Hubble revela a odisséia intergaláctica do carbono antes de se tornar parte de nós: WebCuriosos
Carl Sagan disse a famosa frase: “Somos feitos de matéria estelar”, mas nem ele percebeu o quão longe essa matéria estelar viajou antes de chegar até nós.
Novos dados do Hubble mostraram que pelo menos parte do carbono que agora compõe os nossos corpos pode ter passado centenas de milhares de anos-luz para fora da galáxia e de volta.
Elementos mais pesados que o hélio são forjados nos corações das estrelas, eventualmente liberados no cosmos quando essas estrelas explodem como supernovas. Esses ingredientes são então alimentados na próxima geração de estrelas e planetas.

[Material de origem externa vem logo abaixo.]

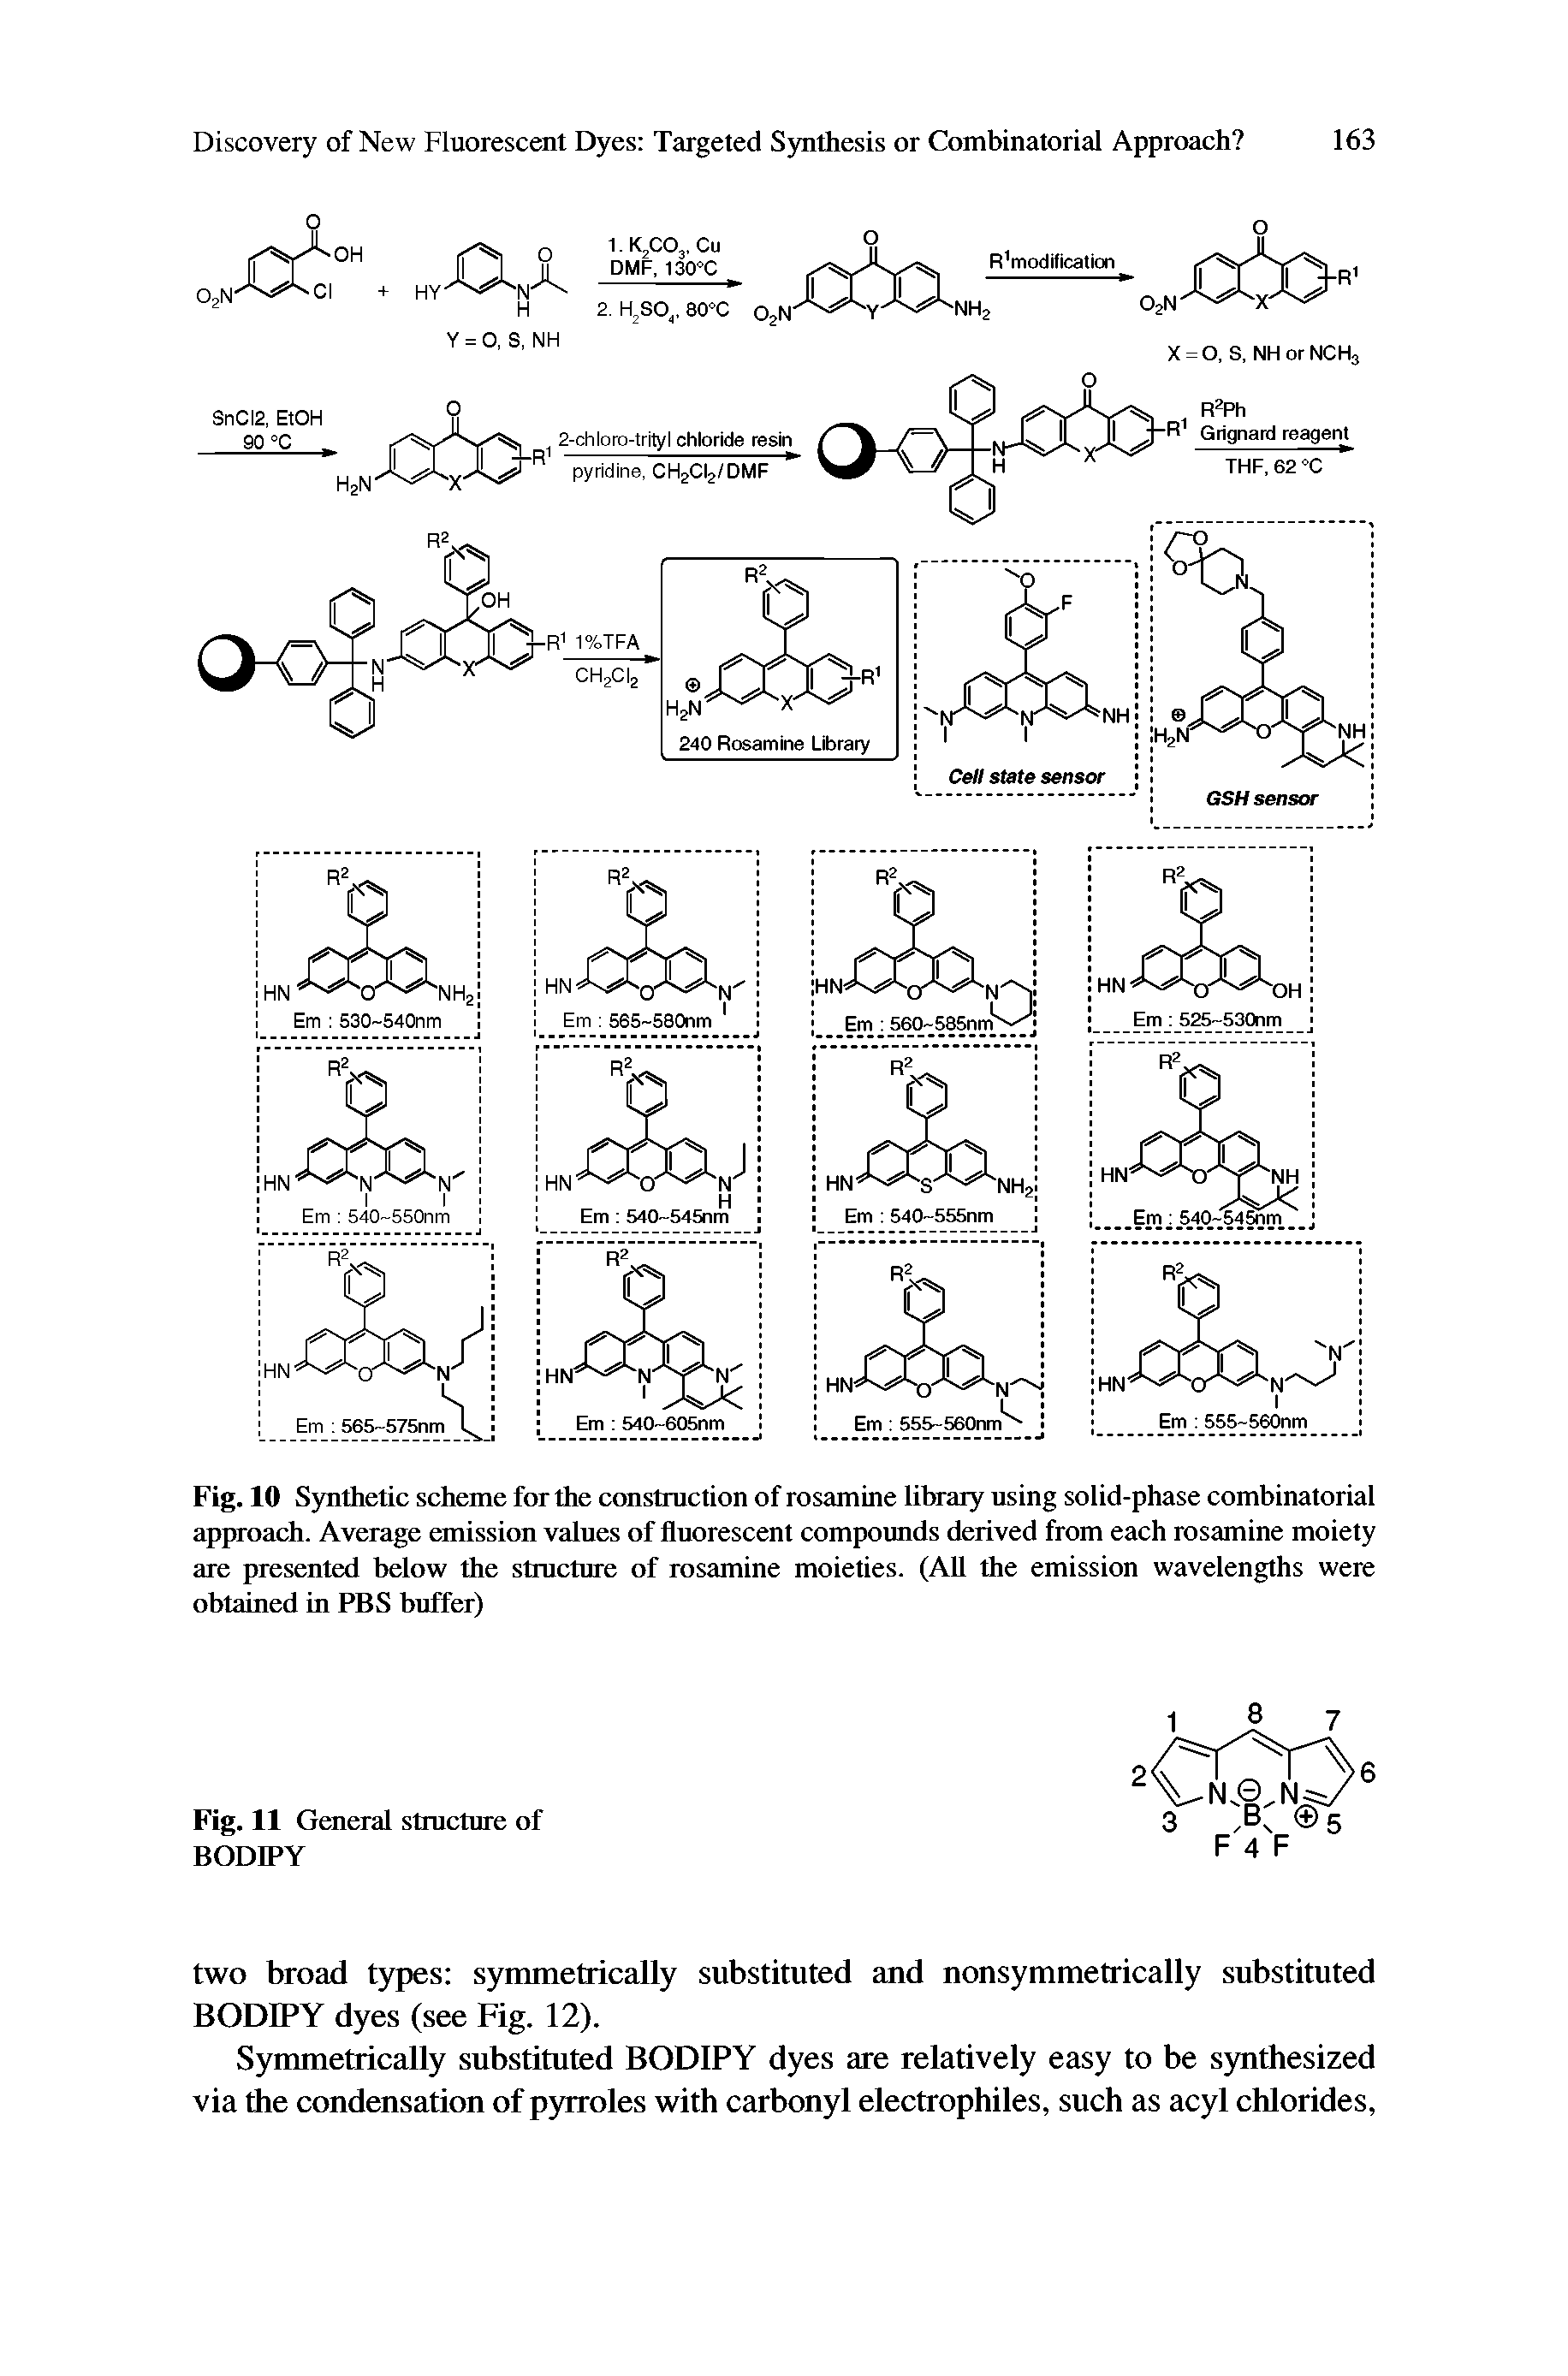 Fig. 10 Synthetic scheme for the construction of rosamine library using solid-phase combinatorial approach. Average emission values of fluorescent compounds derived from each rosamine moiety are presented below the structure of rosamine moieties. (All the emission wavelengths were obtained in PBS buffer)...

Mas acontece que esses elementos podem causar um grande desvio no caminho. UM novo estudo mostra que o carbono se aventura para fora da própria galáxia, para uma enorme nuvem de gás circundante chamada meio circungaláctico (CGM), antes de retornar.
“As implicações para a evolução das galáxias e para a natureza do reservatório de carbono disponível para as galáxias formarem novas estrelas são emocionantes,” diz a astrônoma Jessica Werk, da Universidade de Washington.
“O mesmo carbono em nossos corpos provavelmente passou uma quantidade significativa de tempo fora da galáxia!”
A equipe usou dados do Hubble para analisar o CGM de 11 galáxias em formação de estrelas, encontrando fortes sinais de carbono a até 391 mil anos-luz de distância da galáxia. Para referência, o disco visível da Via Láctea tem cerca de 100.000 anos-luz de largura.
“Pense no meio circungaláctico como uma estação ferroviária gigante: ela está constantemente empurrando material para fora e puxando-o de volta”, diz A astrônoma da Universidade de Washington, Samantha Garza, principal autora do estudo.
“Os elementos pesados que as estrelas produzem são empurrados para fora da sua galáxia hospedeira e para o meio circungaláctico através das suas mortes explosivas de supernovas, onde podem eventualmente ser puxados de volta e continuar o ciclo de formação de estrelas e planetas.”
Cada elemento interage com a luz de uma forma única, absorvendo certos comprimentos de onda, ou cores, em detrimento de outros. A análise deste espectro pode revelar quais elementos estão presentes em um trecho distante do espaço.
Foi assim que a equipe encontrou esse carbono errante, usando o Espectrógrafo de Origens Cósmicas do Hubble e nove quasares distantes como fontes de luz. Os investigadores detectaram a impressão digital de carbono no CGM das galáxias alvo, estimando uma massa mínima de cerca de 3 milhões de Sóis lá fora.
Sabia-se anteriormente que o CGM faz o ciclo de outros materiais para fora e de volta para as galáxias, incluindo oxigênio quente e ionizadomas a equipe diz que esta é a primeira observação de elementos mais frios, como o carbono, sendo arrastados pelo movimento.
Nem toda galáxia abriga essas correias transportadoras colossais. As galáxias que estão formando ativamente novas estrelas estavam produzindo muito mais carbono do que as galáxias “passivas”. Curiosamente, isto também está de acordo com observações anteriores que mostraram que o CGM das galáxias em formação estelar tinha mais ciclos de oxigénio.
“Podemos agora confirmar que o meio circungaláctico actua como um reservatório gigante tanto de carbono como de oxigénio,” diz Garza. “E, pelo menos nas galáxias com formação estelar, sugerimos que este material volte então para a galáxia para continuar o processo de reciclagem.”
Dado que a Via Láctea ainda está a formar estrelas, uma percentagem do carbono e do oxigénio que nos rodeia provavelmente já embarcou nesta odisseia intergaláctica pelo menos uma vez.
O estudo destes ciclos galácticos pode permitir aos astrónomos compreender melhor como e porque é que as galáxias iniciam e terminam períodos de formação estelar. A dinâmica do CGM também pode revelar o que acontece quando as galáxias se fundem – um destino para o qual a nossa Via Láctea está se encaminhando. Na verdade, se considerarmos a bolha invisível de material extra no CGM, ela pode já estar em andamento.
No mínimo, isso torna as palavras de Sagan ainda mais comoventes. A “coisa estelar” dentro de nós não se acomodou imediatamente: ela passou a juventude numa incrível viagem ao redor da galáxia, antes de voltar para casa e formar a Terra, as plantas e nós.
A pesquisa foi publicada em As cartas do jornal astrofísico.